Güneşin Kızları: Ali & Selin | "Yarayla alay eder, yaralanmamış olan..."

Güneşin Kızları: Ali & Selin |
Bazı yaralar buz dağı gibidir, görünen kısmı ile ilgilenirken görünmeyen kısmının derinliğinden habersizdir insan. Evet, Ali Mertoğlu'nun yaralarından bahsediyorum. Sırtında taşıdığı izler maddesel bir kaç lekeden başka bir şey değil aslında. Onlar, ruhundaki yaraların yansıması deyimi yerindeyse. 
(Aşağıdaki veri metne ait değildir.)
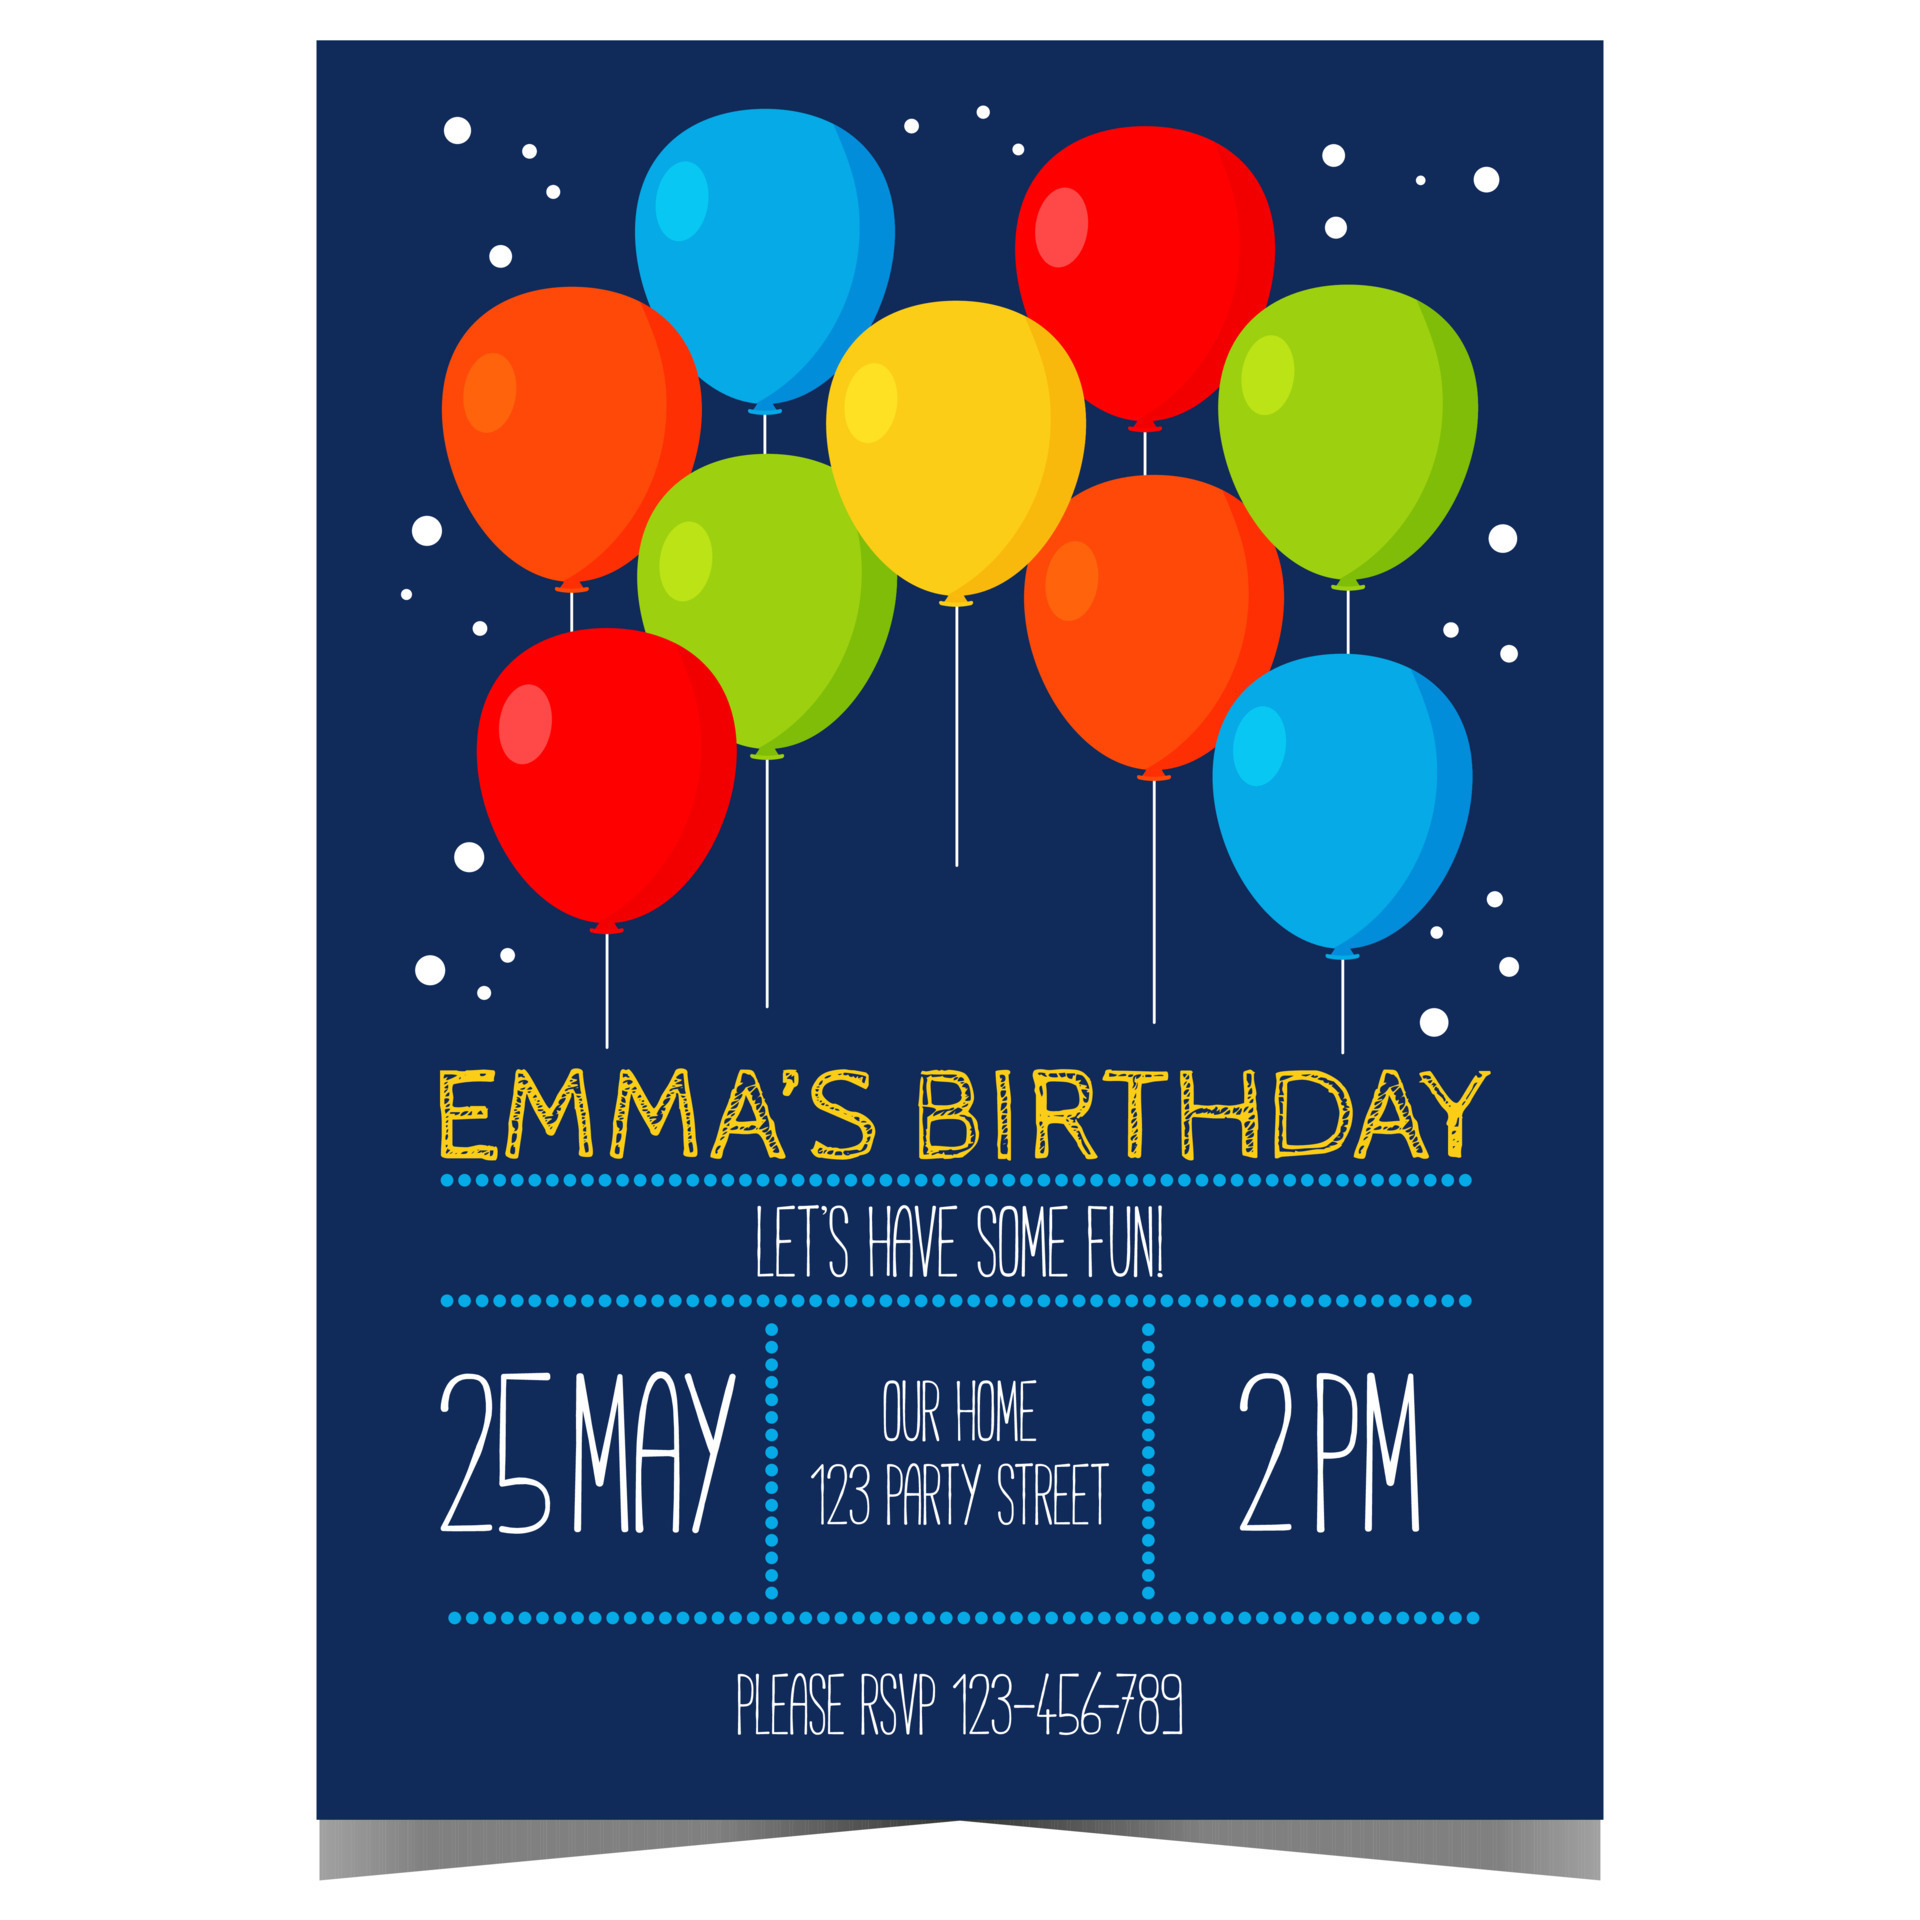 Carte d'invitation pour un anniversaire d'enfants à imprimer gratuit

"Git anlat, Ali'nin yaraları var de!" çınlarken kulaklarımda bölümü izlediğimde, aklıma gelen tek replik oldu; "Yarayla alay eder, yaralanmamış olan..." Canı yanan birinin en güçlü silahıdır karşısındakinin zaafları. Selin kalbini yumruklayan acıya dayanamayıp Ali'nin yaralarını namlunun ucuna koyduğunda kavradık bunu, bir kez daha. 

Tüm imkansızlıkları bir yara gibi kalplerinde taşıyan bu iki genç, aşkın savaşına tutulmuşken birbirlerine verdikleri tüm zararın ardından dermanı yine birbirlerinde buluyor. Biraz Romeo biraz Juliet anlayacağınız. Yan yana gelseler dünya yanar, ayrılsalar kalpleri. Bu ateşten kaçış yok. Bir dertleri var bin dermana değişmedikleri, güneşine hayran Romeo ile gülümsemesiyle kıskanç ayı öldüren Juliet'imizin.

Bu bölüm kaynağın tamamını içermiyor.